When I was new to Django, one of the most frustrating things I experienced was the need to run a bit of code periodically. I wrote a nice function that performed an action that needed to run daily at 12am. Easy, right? Wrong. This turned out to be a huge problem to me since at the time I was used to “Cpanel-type” web hosting where there was a nice handy GUI for setting up cron jobs for this very purpose.

After much research, I found a nice solution – Celery, a powerful asynchronous job queue used for running tasks in the background. But this led to additional problems, since I couldn’t find an easy set of instructions to integrate Celery into a Django Project.

Of course I eventually did manage to figure it – which is what this article will cover: How to integrate Celery into a Django Project and create Periodic Tasks.

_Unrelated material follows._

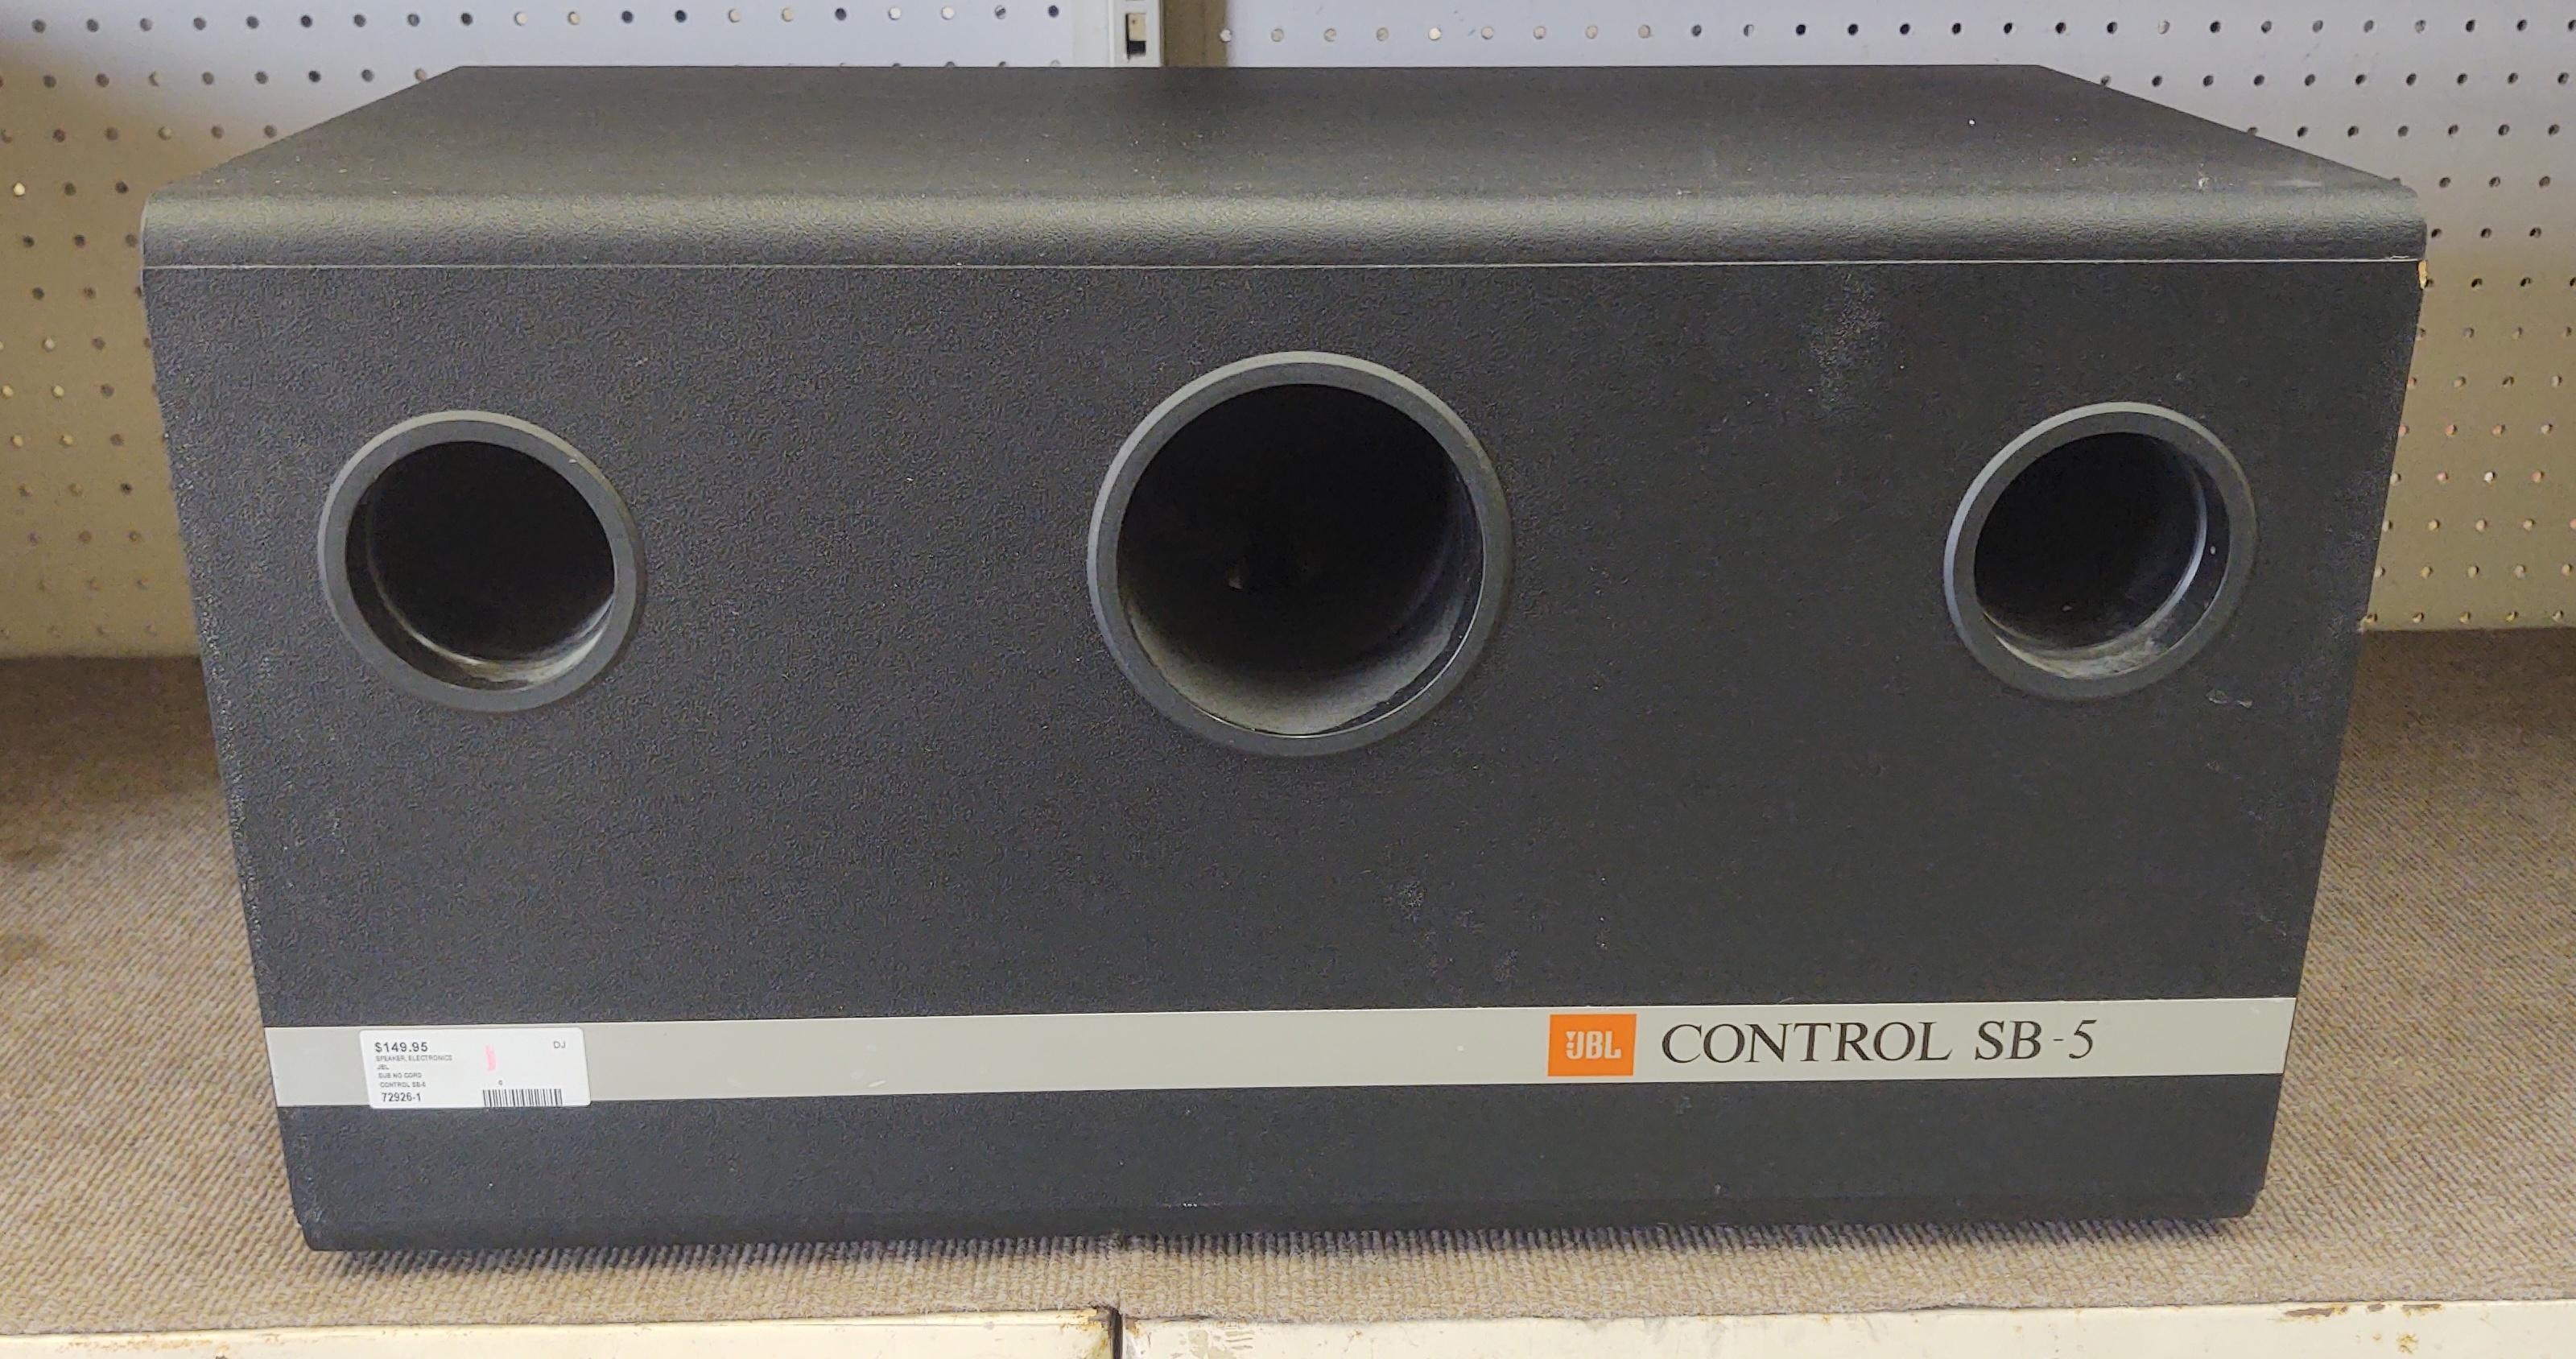 JBL - CONTROL SB-5 - SPEAKER ELECTRONICS SUB

This project utilizes Python 3.4, Django 1.8.2, Celery 3.1.18, and Redis 3.0.2.

Overview

For your convenience, since this is such a large post, please refer back to this table for brief info on each step and to grab the associated code.

Step Overview Git Tag
Boilerplate Download boilerplate v1
Setup Integrate Celery with Django v2
Celery Tasks Add basic Celery Task v3
Periodic Tasks Add Periodic Task v4
Running Locally Run our app locally v5
Running Remotely Run our app remotely v5

What is Celery?

Celery is an asynchronous task queue/job queue based on distributed message passing. It is focused on real-time operation, but supports scheduling as well.” For this post, we will focus on the scheduling feature to periodically run a job/task.

Why is this useful?

  • Think of all the times you have had to run a certain task in the future. Perhaps you needed to access an API every hour. Or maybe you needed to send a batch of emails at the end of the day. Large or small, Celery makes scheduling such periodic tasks easy.
  • You never want end users to have to wait unnecessarily for pages to load or actions to complete. If a long process is part of your application’s workflow, you can use Celery to execute that process in the background, as resources become available, so that your application can continue to respond to client requests. This keeps the task out of the application’s context.

Setup

Before diving into Celery, grab the starter project from the Github repo. Make sure to activate a virtualenv, install the requirements, and run the migrations. Then fire up the server and navigate to http://localhost:8000/ in your browser. You should see the familiar “Congratulations on your first Django-powered page” text. When done, kill the sever.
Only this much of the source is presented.